* **Instructions for the task**: Make an exact copy of the listing so that no picture is carried over.

* **Recorded data**:
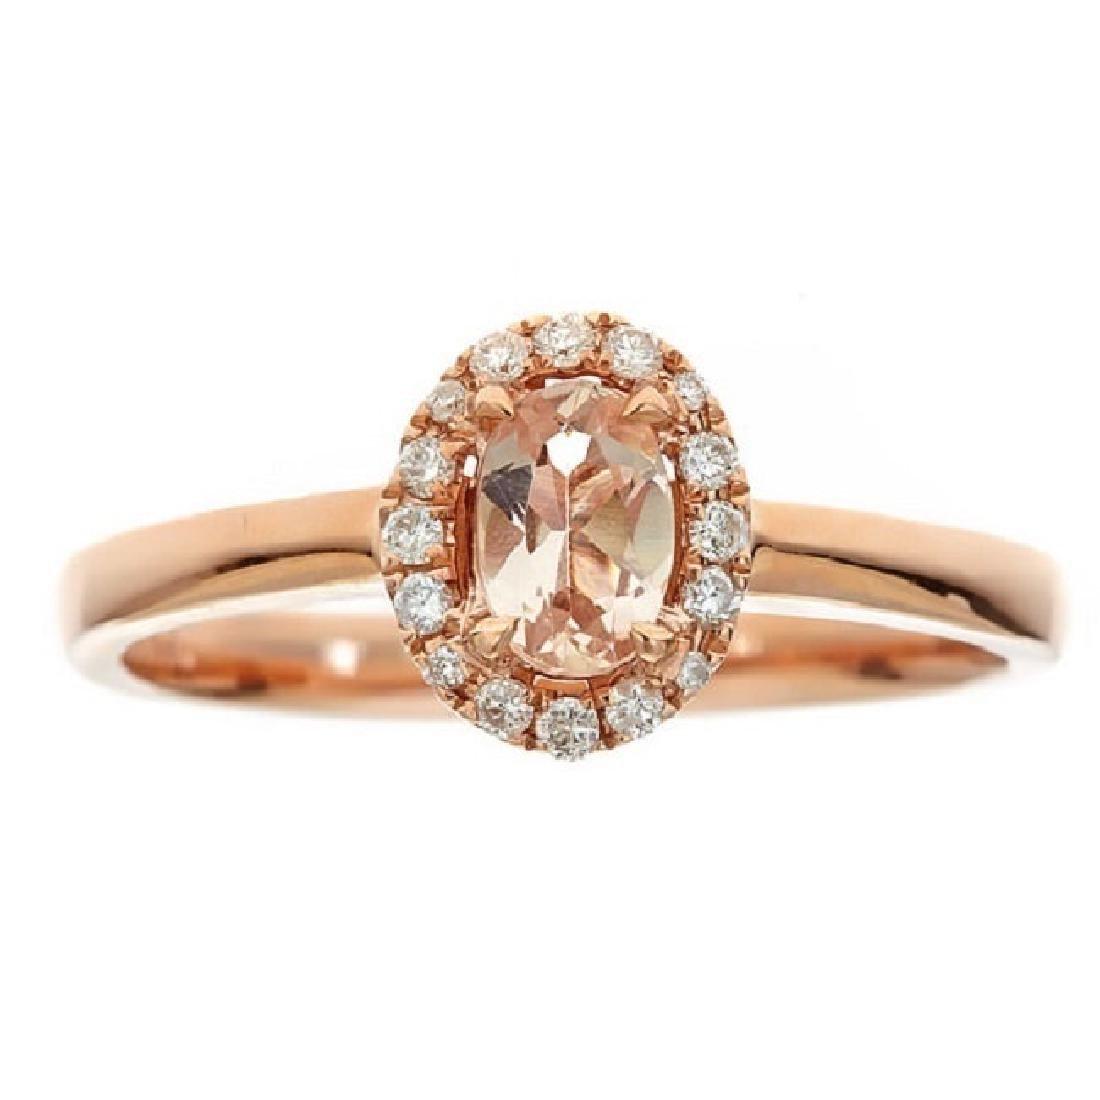 0.43 ctw Morganite and Diamond Ring - 10KT Rose Gold
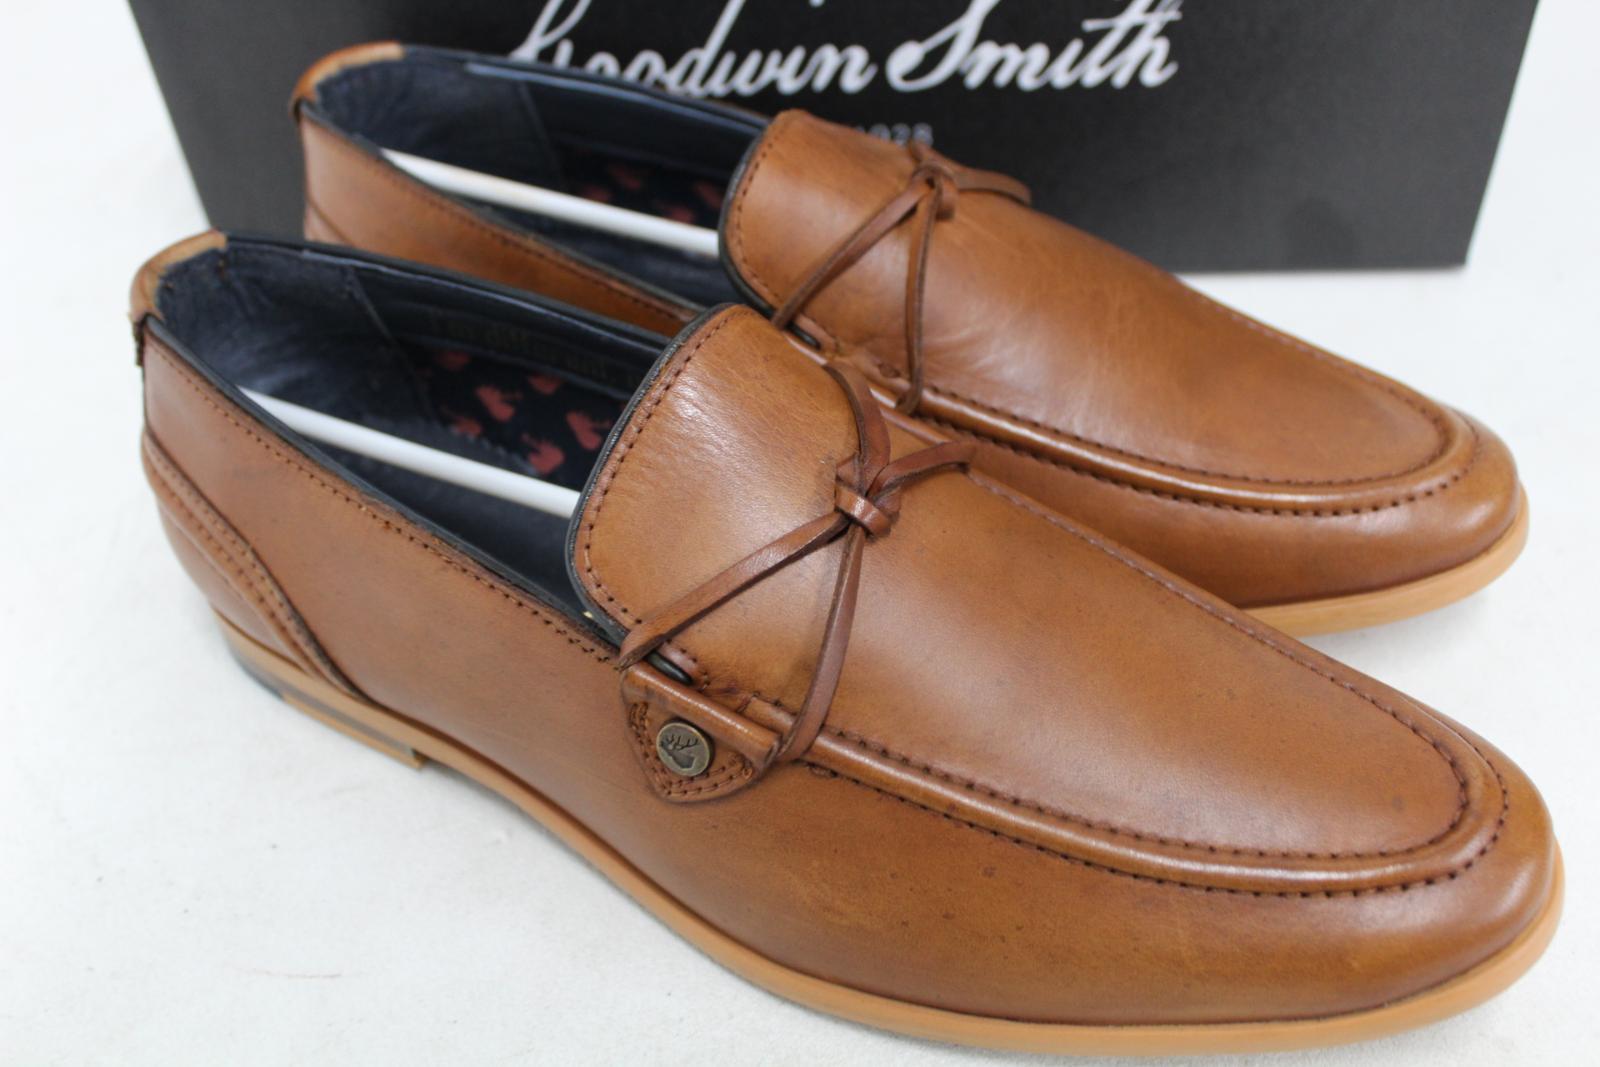 Goodwin-Smith-Para-Hombre-Napoli-Tanga-Zapato-Marron-Sin-Cordones-Mocasin-Cuero-UK8-EU42-Nuevo miniatura 4
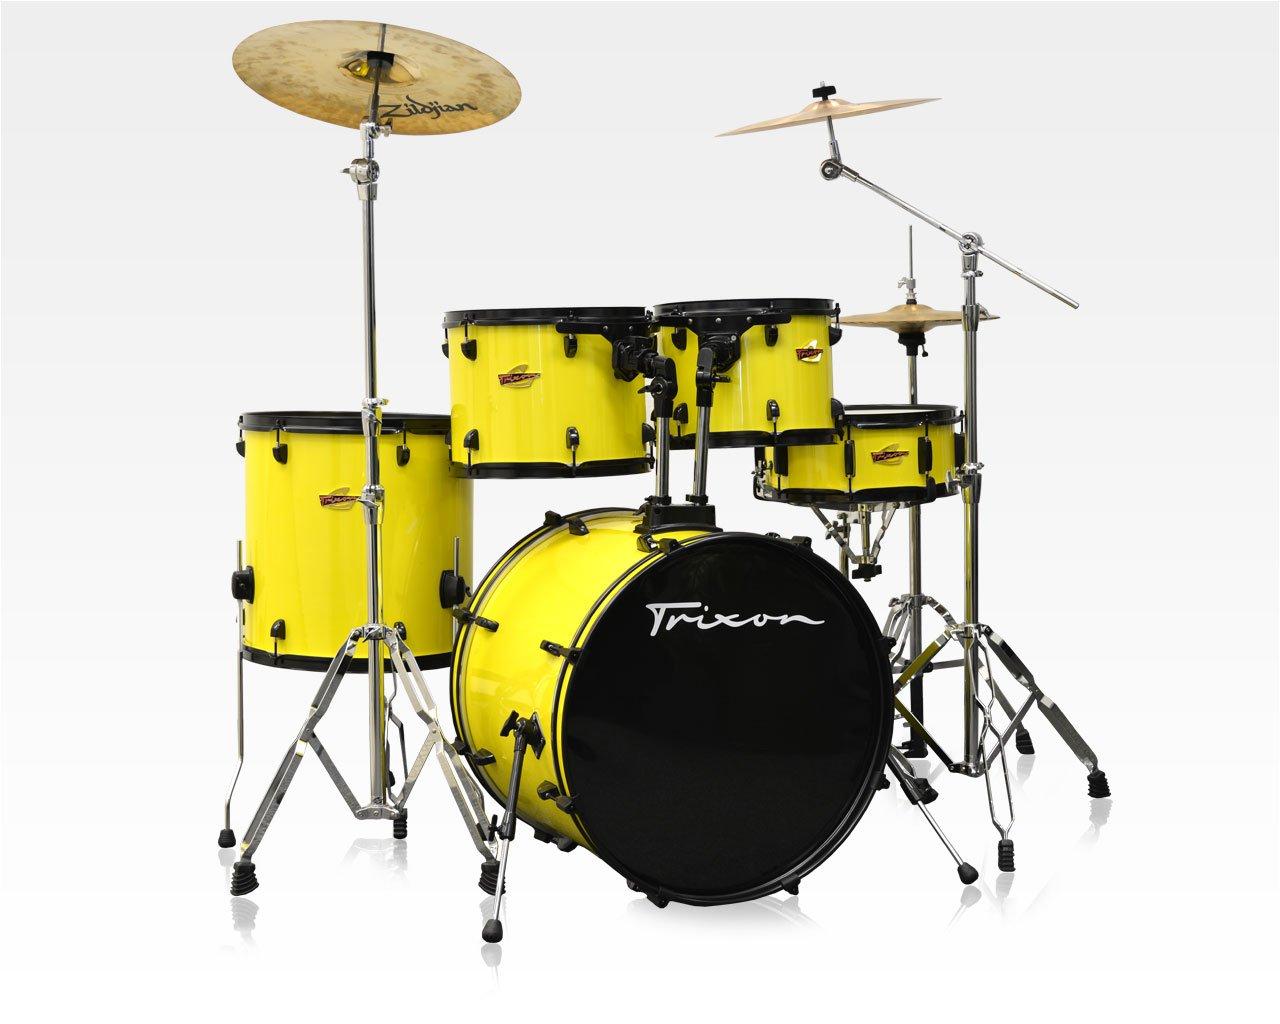 Trixon 2014 5-Piece Birch Kit - Yellow Jacket
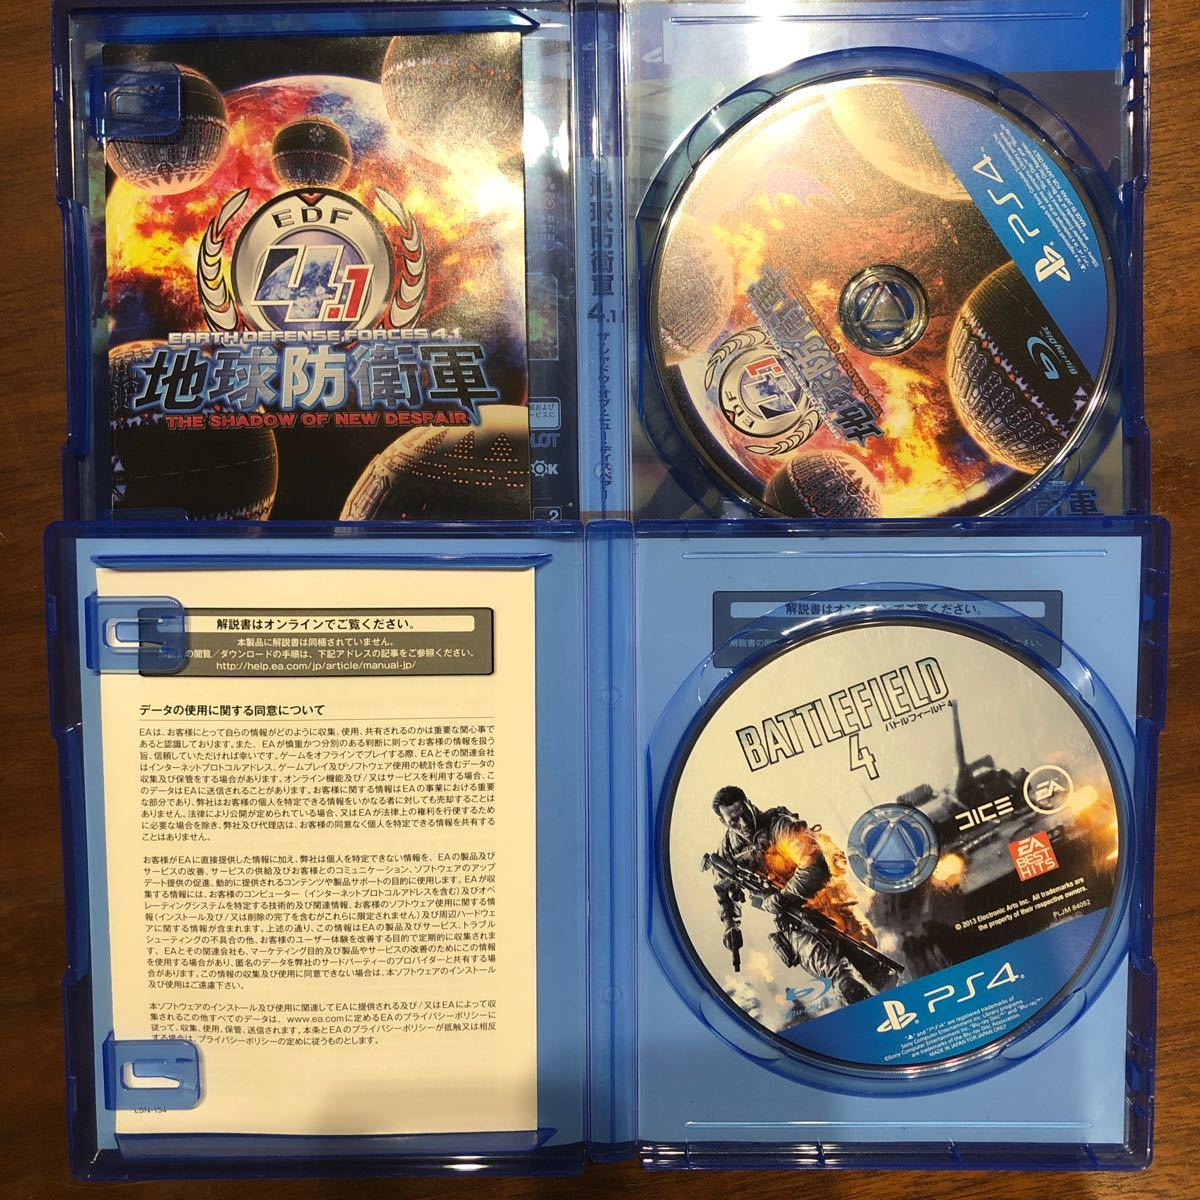 PS4ソフト 地球防衛軍4.1 バトルフィールド4 セット まとめ ゲームソフト

* **Solution for this exercise**:
 0.43 ctw Morganite and Diamond Ring - 10KT Rose Gold
 Goodwin-Smith-Para-Hombre-Napoli-Tanga-Zapato-Marron-Sin-Cordones-Mocasin-Cuero-UK8-EU42-Nuevo miniatura 4
 Trixon 2014 5-Piece Birch Kit - Yellow Jacket
 PS4ソフト 地球防衛軍4.1 バトルフィールド4 セット まとめ ゲームソフト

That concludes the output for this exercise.